About this blog

My only daughter's name is Clea. Clea was six years and nine months old and she was enjoying a family holiday in Samoa when the ocean surged as a wall, ten metres high, and drowned her. Many other people died that morning of 29 September 2009.
The other four members of her family survived the tsunami.
Life has never been the same since. It will never be the same. This blog features memories, reflections, poetry, etc...
Just let me stay with her under this moon,
hold her in my arms, spin her in the air,
with my dear daughter in some timeless swoon.

Monday 2 May 2016

The old house

This old building used to be my paternal grandmother’s house. Number 8, Calle Enrique Olmos, Valencia. Possibly nearing 80 years since the time it was built, it is a puzzle to me why it remains standing.

My recollections of the place are now remarkably indistinct: several flights of gloomy, stuffy stairs, an old wooden door and a small hall. Other than at Christmastime, I would rarely go there. One clear memory I do have, however, is to be standing on that balcony, calling out to my brother, or perhaps my cousins too, to come upstairs because the big Christmas lunch was going to get started.

I can hardly remember my paternal grandfather, my Iaio – he died when I was very young. But I do remember, and very well, my paternal grandmother. As a teenager I would see her often at the grocery shop she owned, the place where she worked very long hours. As she grew older and wearier, she would frequently choose to stay in the shop overnight instead of walking back to her Enrique Olmos house.

I actually think I held my first proper ‘job’ at her shop, helping restocking shelves and fridges, particularly on summer weekends, when we sold lots of bottles of beer, lemonade and Coke, as well packets of crisps, salted dried nuts and many other groceries. The pace could get frantic when we were nearing closing time, with everybody wanting to buy cold drinks and last-minute essentials. On more than one occasion we closed the shop past 2:30 pm.

Although I have no clear recollection of having done so, I must have pointed out the house to Clea during her only visit to my home town in July 2005, aged 2 and a half.
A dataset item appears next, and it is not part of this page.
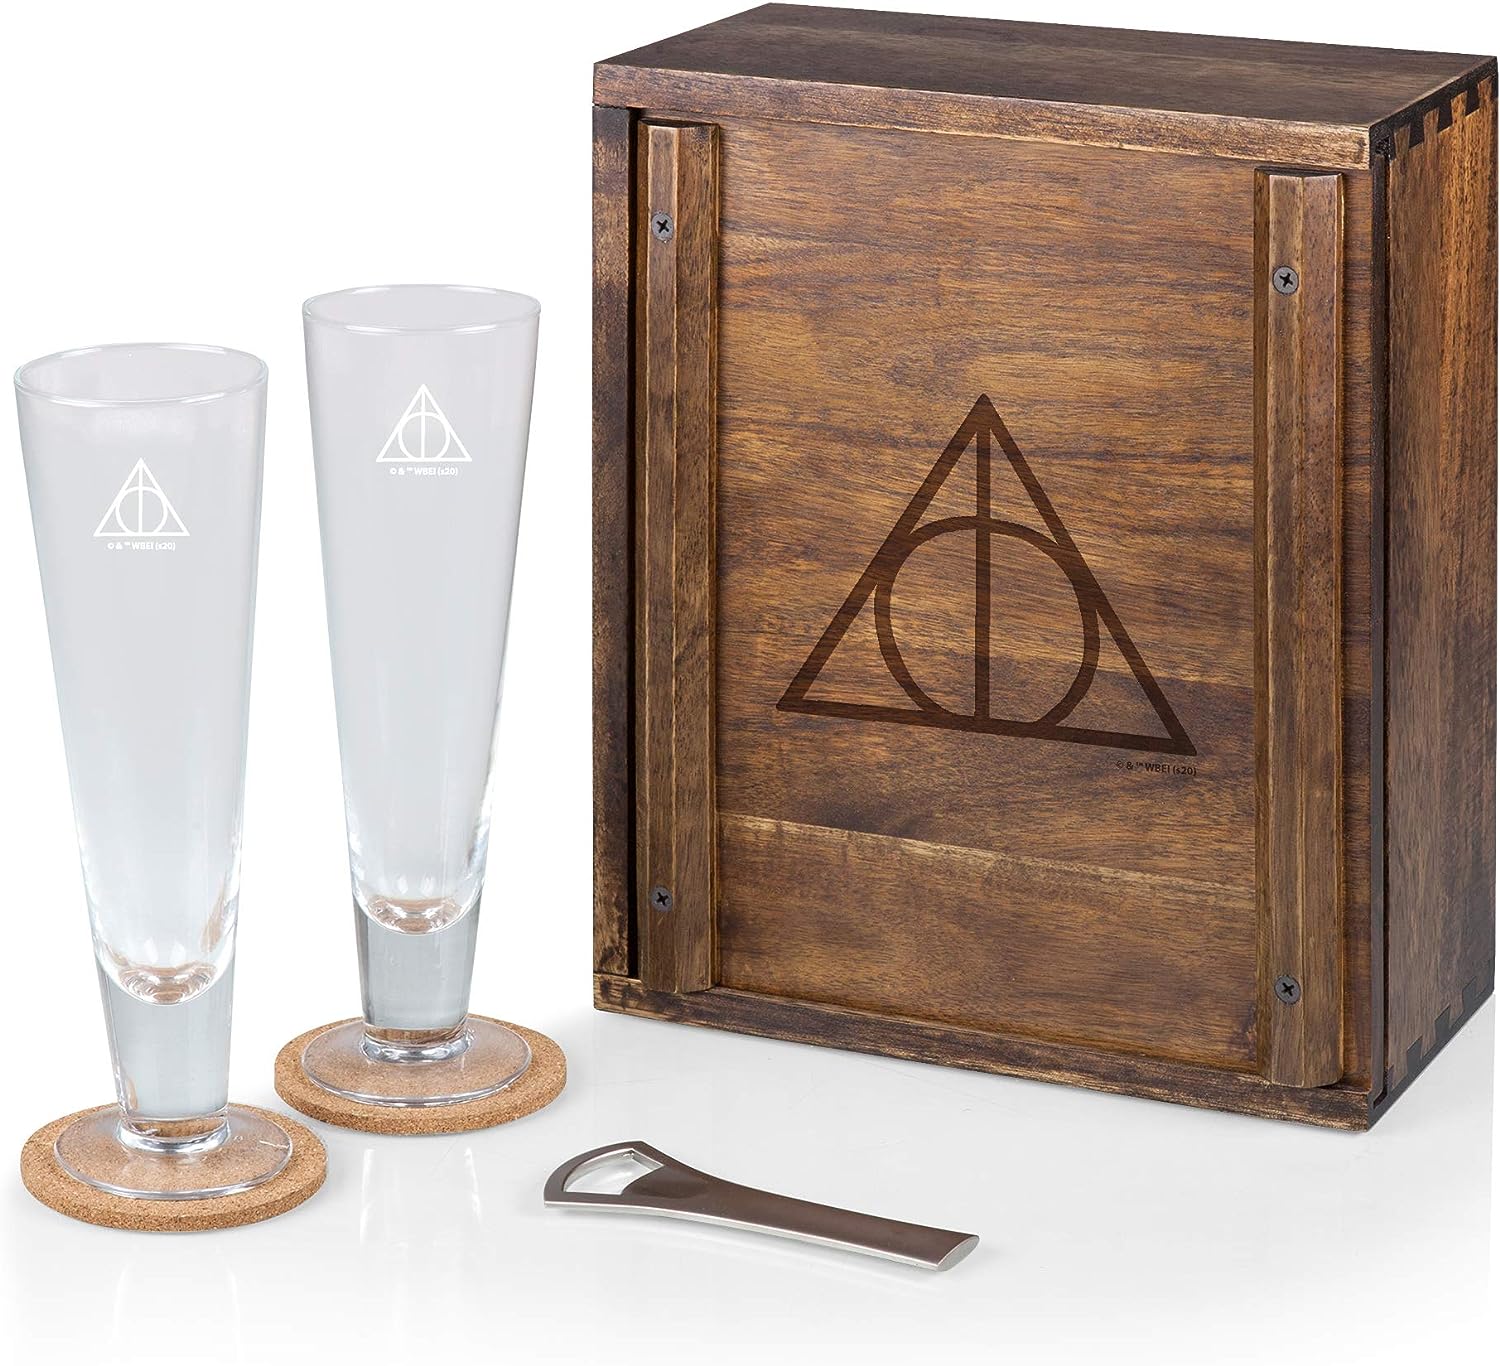 PICNIC TIME LEGACY - a brand - Harry Potter Deathly Hallows Drinking Glasses Gift Set, Harry Potter Gifts, (Acacia Wood)

Who knows if she actually understood what I was talking about when I explained it to her who Iaia Carmen had been.

To me, it is completely absurd for an old uninhabited house to endure like this for years. The home of Clea’s great-grandmother is still standing many years after her death, while my little one was buried when she was six and nine months old. For quite unexplainable reasons, I sort of resent this old house now. It should have fallen down years ago, should it not?


The vagaries of death, decay and destruction seem quite incomprehensible and whimsical. The absurdity of it all is baffling.